July 26, 2016
Workplace design that hands people control is the key to their wellbeing 0
Giving employees more control over workplace design is the single most important contributing factor to their wellbeing, according to a new study. The Workplace & Wellbeing report examines the workplace design factors that influence wellbeing. The research team discovered that an invitation to participate in the design of the work environment raised levels of wellbeing, although increasing the level of participation did not necessarily increase the level of wellbeing. The research was led by the Royal College of Art’s Helen Hamlyn Centre for Design in partnership with architects Gensler and supported by a consortium of leading industry names: Milliken, Bupa, Royal Bank of Scotland, Kinnarps and Shell. The context for this project lies with a current ‘wellbeing deficit’ in the workplace which means absence from work costs the UK economy more than £14 billion a year according to the Confederation of British Industry.
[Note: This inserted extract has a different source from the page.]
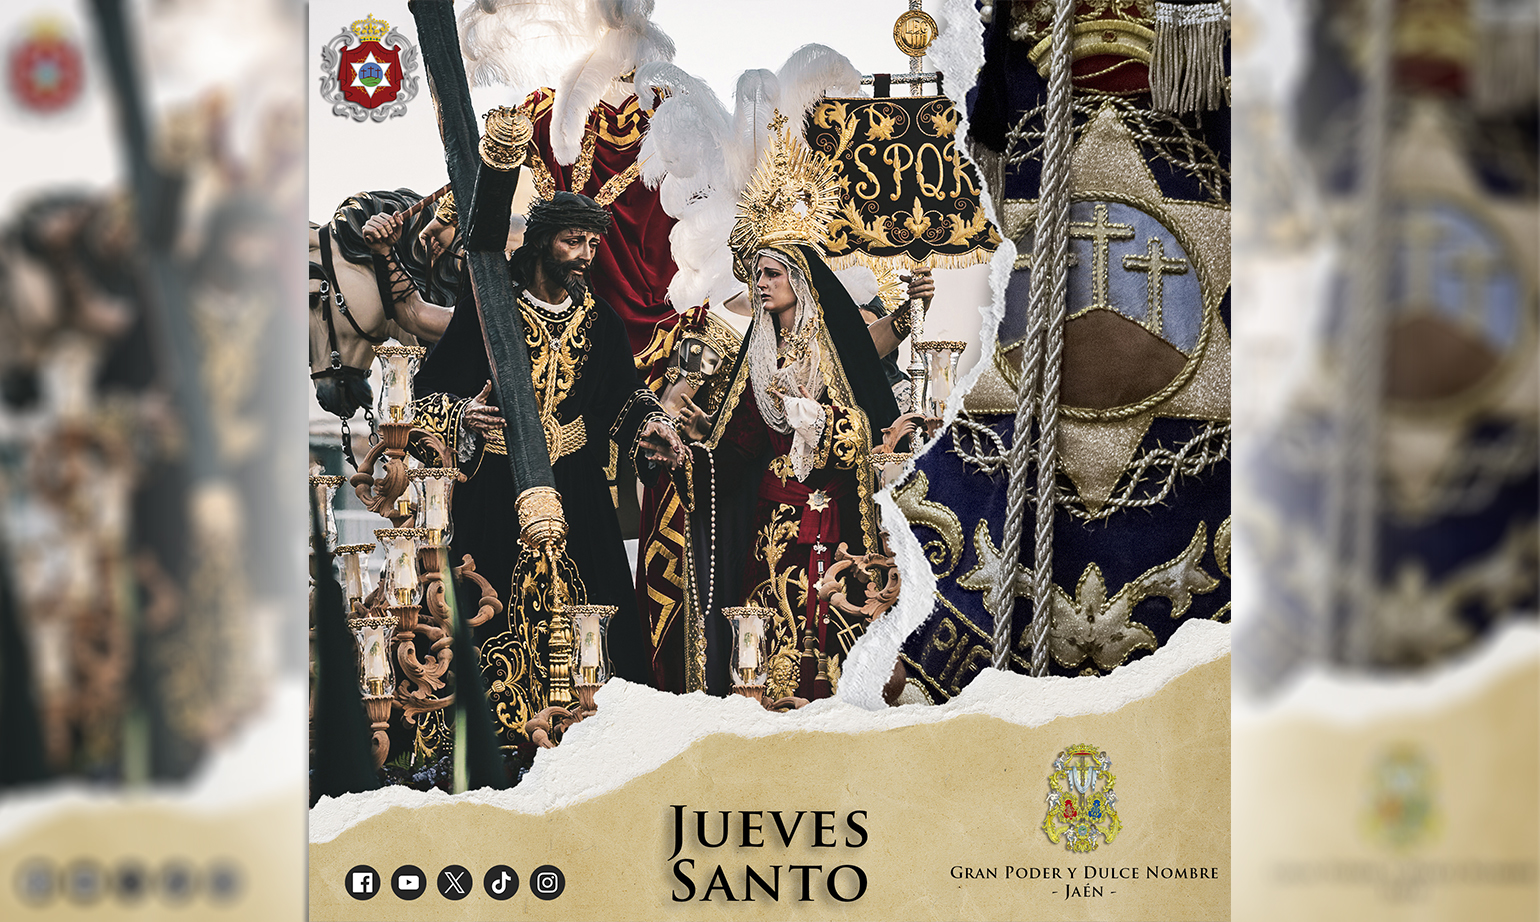 Nuestra música seguirá siendo la banda sonora de Gran Poder y Dulce Nombre de Jaén

In 2014, around 27.3 million working days were lost in the UK, according to the Health and Safety Executive; 23.3 million of them were due to work-related ill health, predominantly depression, stress, anxiety and musculoskeletal disorders, and just over 4 million due to workplace injuries (HSE 2015). While physical injuries in the workplace have reduced from a generation ago, mental health problems are now sharply on the rise, costing the UK economy the equivalent of £1,600 per employee according to the UK National WorkStress Network (2012).
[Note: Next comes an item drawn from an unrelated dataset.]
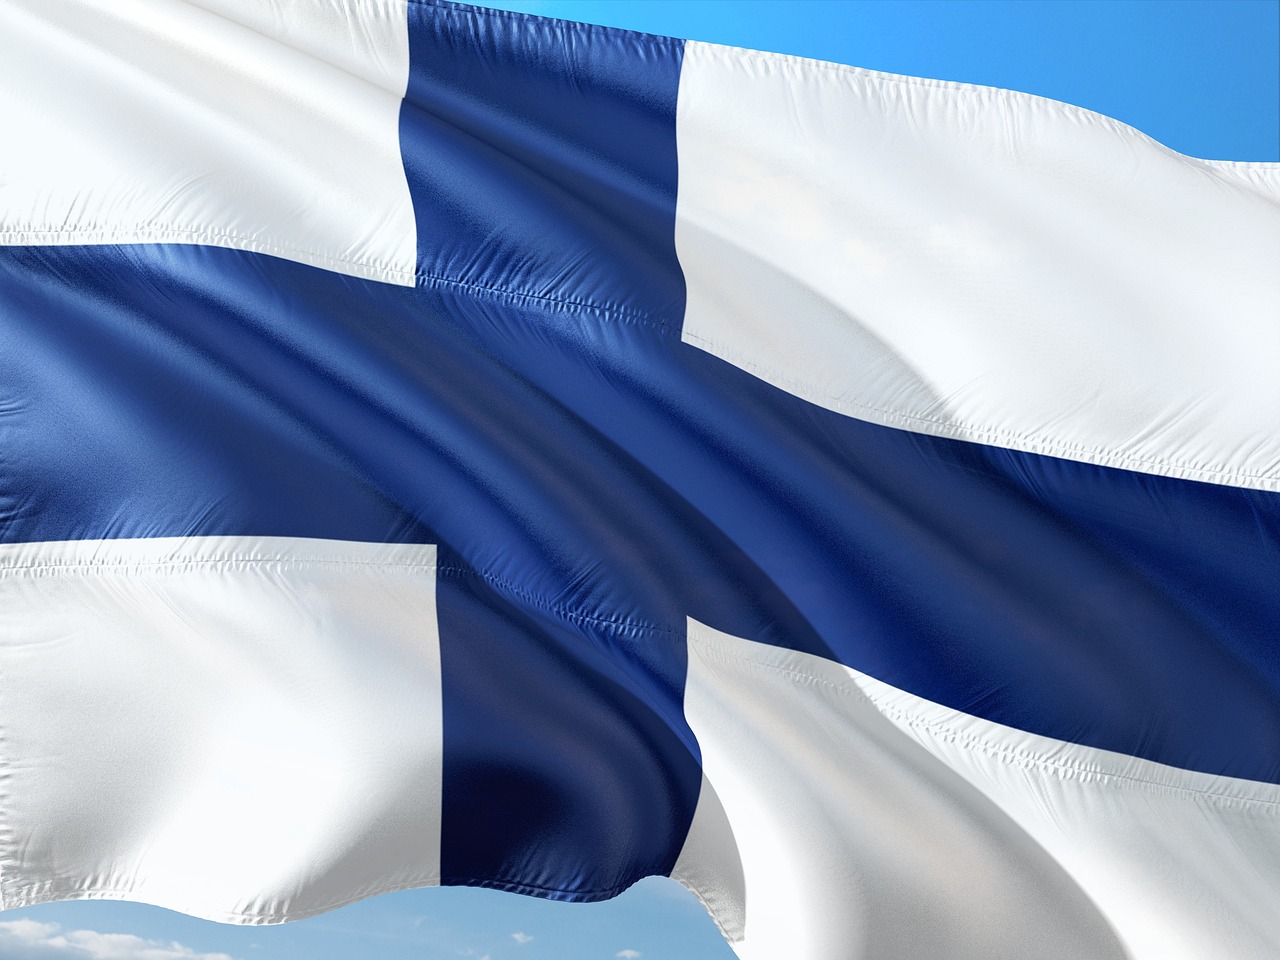 Finlands flagga.

At an event co-hosted by Milliken and Kinnarps at the Milliken showroom in London research leaders Jeremy Myerson, Professor of Design at the RCA and Phillip Tidd, Principal and Head of Consulting EMEA at Gensler introduced the research to the architectural, design, corporate and educational communities. They were joined by Sarah O’Farrell, Behaviour Change Expert at Bupa UK, for a discussion about the implications of the research and questions from the audience.
The first phase of the project consisted of a Scoping Study in four different organisations in London and the south east of England that have undergone different levels of workplace change over the past three years.
In the second phase of research, a Participatory Design Project was devised with three teams in one organisation in order to test the impact of different levels of design participation (high, low and no participation) on employee wellbeing. Teams worked to create, design and test interventions in the workspace. A validated measurement of mental wellbeing, the Short Warwick-Edinburgh Mental Wellbeing Scale, was used to measure the effects on employees.
According to Helen Hamlyn Professor of Design at the RCA, Jeremy Myerson: “Generally, we found that employee wellbeing and satisfaction was supported by such workplace design factors as a sense of connection with the outside world, a positive and purposeful environment, a variety of spaces and control over space. People felt better about work when invited to participate in the design of their work environment, and unfairly excluded from decision-making processes when not given a voice.”
Based on the study, the research team built a workplace wellbeing conceptual model that illustrates a necessary balance between the functional and psychological needs of the individual that organisations need to provide in the workplace. This model will be developed into a wellbeing evaluation toolkit in the next phase of RCA and Gensler’s Workplace & Wellbeing research, which is scheduled to run until spring 2017.